There are roughly two paths to gaining relevant UX knowledge in Hungary: the 6-semester MOME Design Graphics BA course, or a significantly shorter digital product designer course. For years, various short-term IT trainings (better known as bootcamps) have been operating in Hungary, which we have already dealt with several times here at HWSW.
In general, opinions about bootcamps are divided by school and training area. Last year, IVSZ audited the better-known programming courses, according to which the vast majority of graduates were able to find employment after the training. In the experience of some employers, the results of those coming from the bootcamp are typically not worse than those coming from the university. Thus, short-term courses optimally offer relevant knowledge and, in some cases, employment in a fraction of the time compared to higher education.
Nevertheless, there are a good number of negative experiences. Others say the knowledge gained on bootcamps is not in-depth enough, so the knowledge that can be learned on the fast track is no longer enough for higher positions. And from other sources, it’s straight to hear that programmers who come out of short-term training are just some kind of code monkey, which, let’s face it, aren’t very flattering from a professional standpoint.
There is less experience with UX trainings, one of the reasons being that there are significantly fewer people starting in this direction, if only because of the relatively lower market demand for professionals.
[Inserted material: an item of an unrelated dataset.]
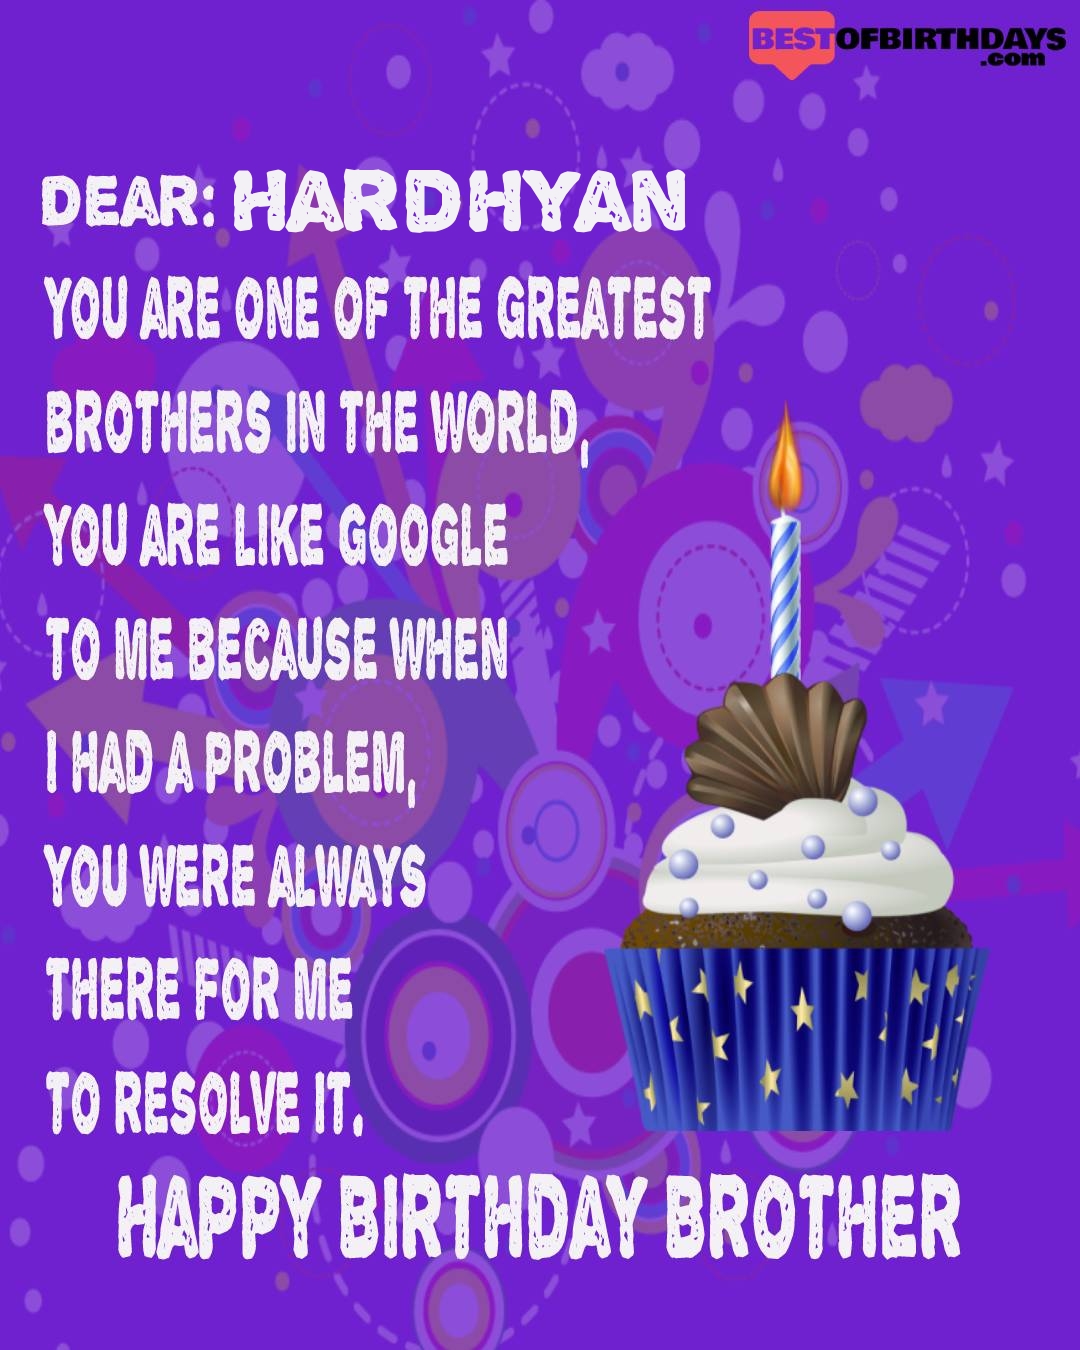 Happy birthday hardhyan bhai brother bro

This is partly why we thought of participating in a product designer bootcamp. As a journalist, we can only gain a credible experience up close if we are present at the training from start to finish, so we sit back at the desk.
At our HWSW product development conferences and meetups, the vast majority of the Hungarian UX scene has already turned up as a speaker, so we had an insight into what kind of professionals it would be worth learning from. This is one of the reasons why we chose xLabs, which is one of the few schools in Hungary that specializes in various UX / UI-related education and training, with highly recognized professionals and mentors.
XLabs offers three modules for career changers, of which UX Bootcamp is the first station. It’s a 6-week live online course, meaning you can take it from anywhere, which means a 90-minute weekday evening lecture a week and a 4-hour weekend practice. With its bootcamp, xLabs promises thatthat participants can be introduced to the basics of UX design, such as design thinking, the basics of surface design, or just the most necessary research methodologies. By the end of the 6-week course, participants will be able to more easily decide if they want to immerse themselves more deeply in the world of UX, whether the area is fit-for-mind.
And what good and enough is the xLabs Bootcamp and subsequent modules? The answer will be covered in the following sections of our series.
Key Question # 2: Will the career change finally come together?